Task objective:
Word for word, restate the listing that follows and leave out the images.

═══ Data block

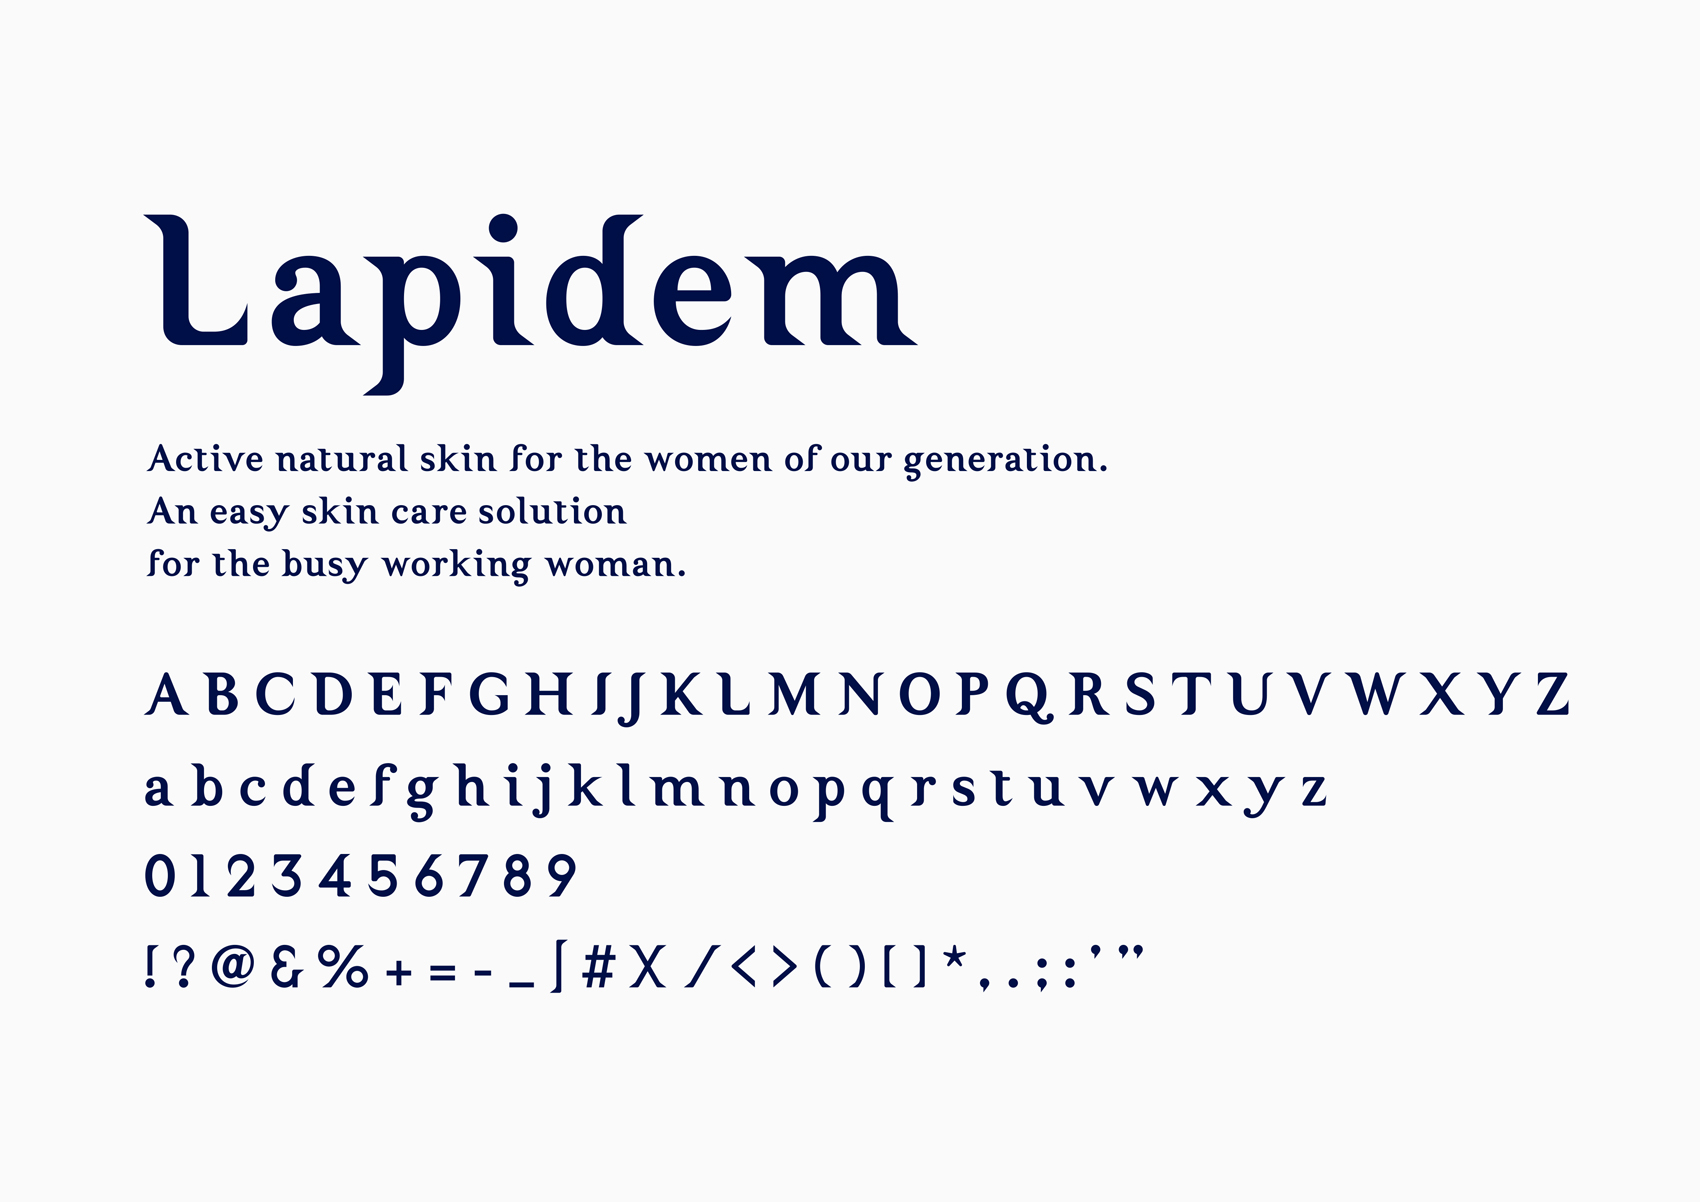 Lapidem_logo/typeface
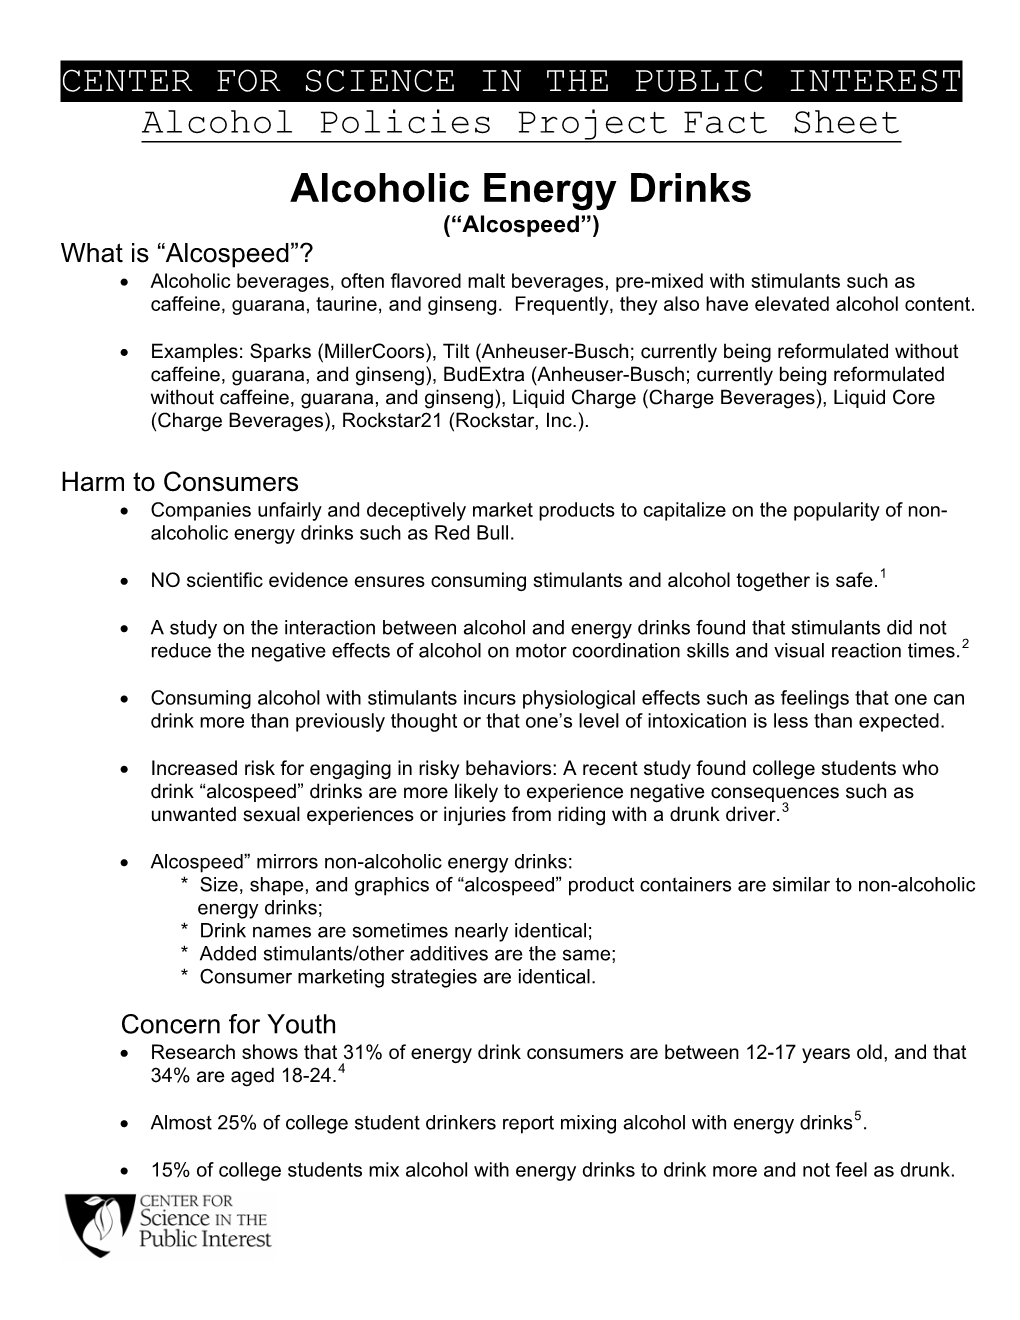 Alcoholic Energy Drinks
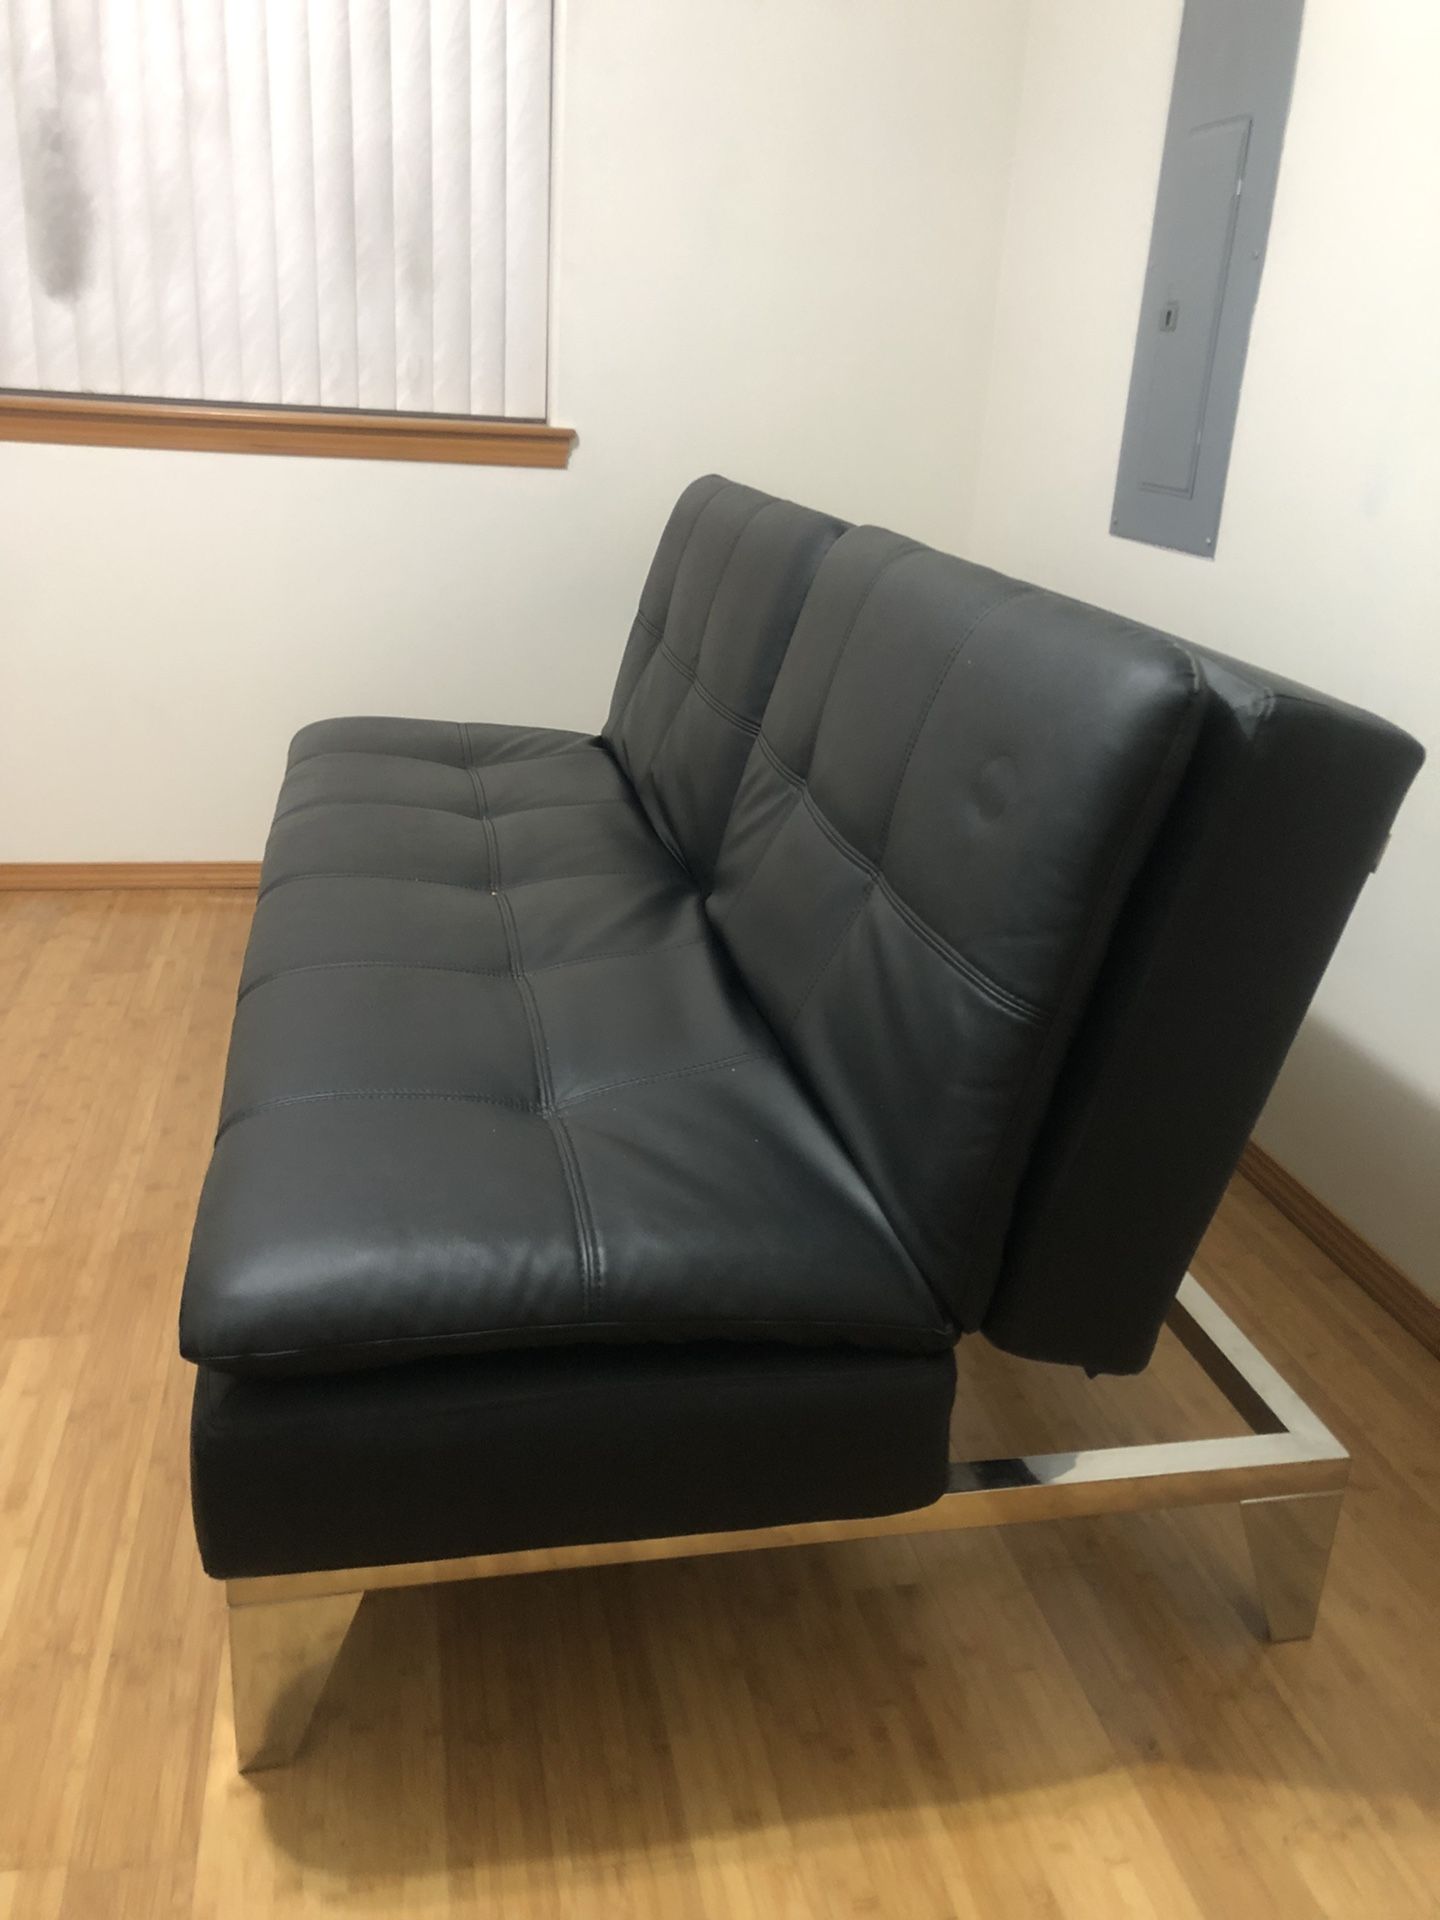 Convertible Sofa $100
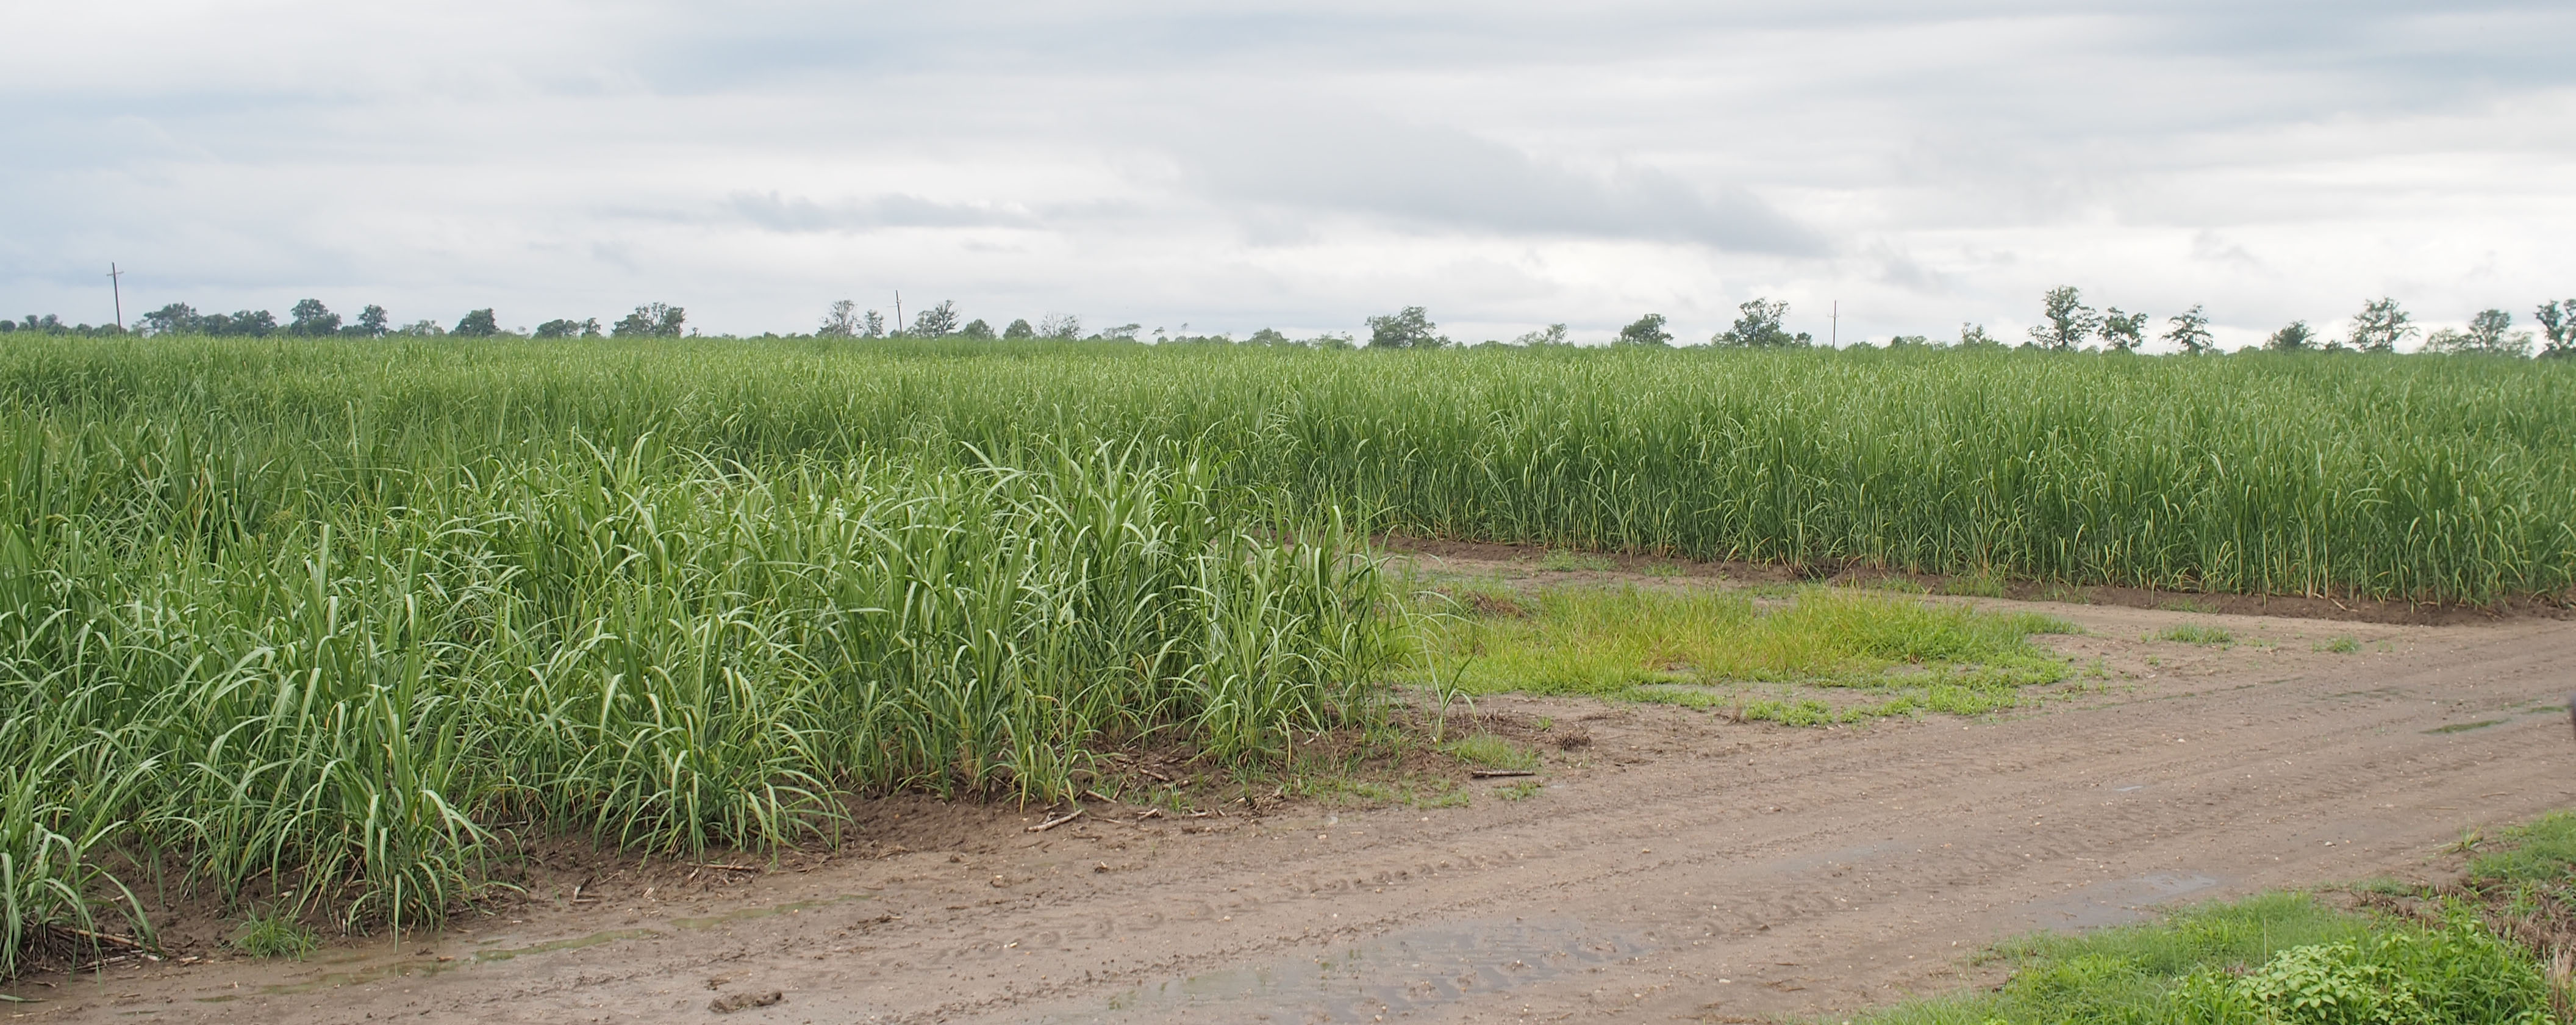 Pointe Coupee 2018 sugarcane fields

══════

Task solution:
 Lapidem_logo/typeface
 Alcoholic Energy Drinks
 Convertible Sofa $100
 Pointe Coupee 2018 sugarcane fields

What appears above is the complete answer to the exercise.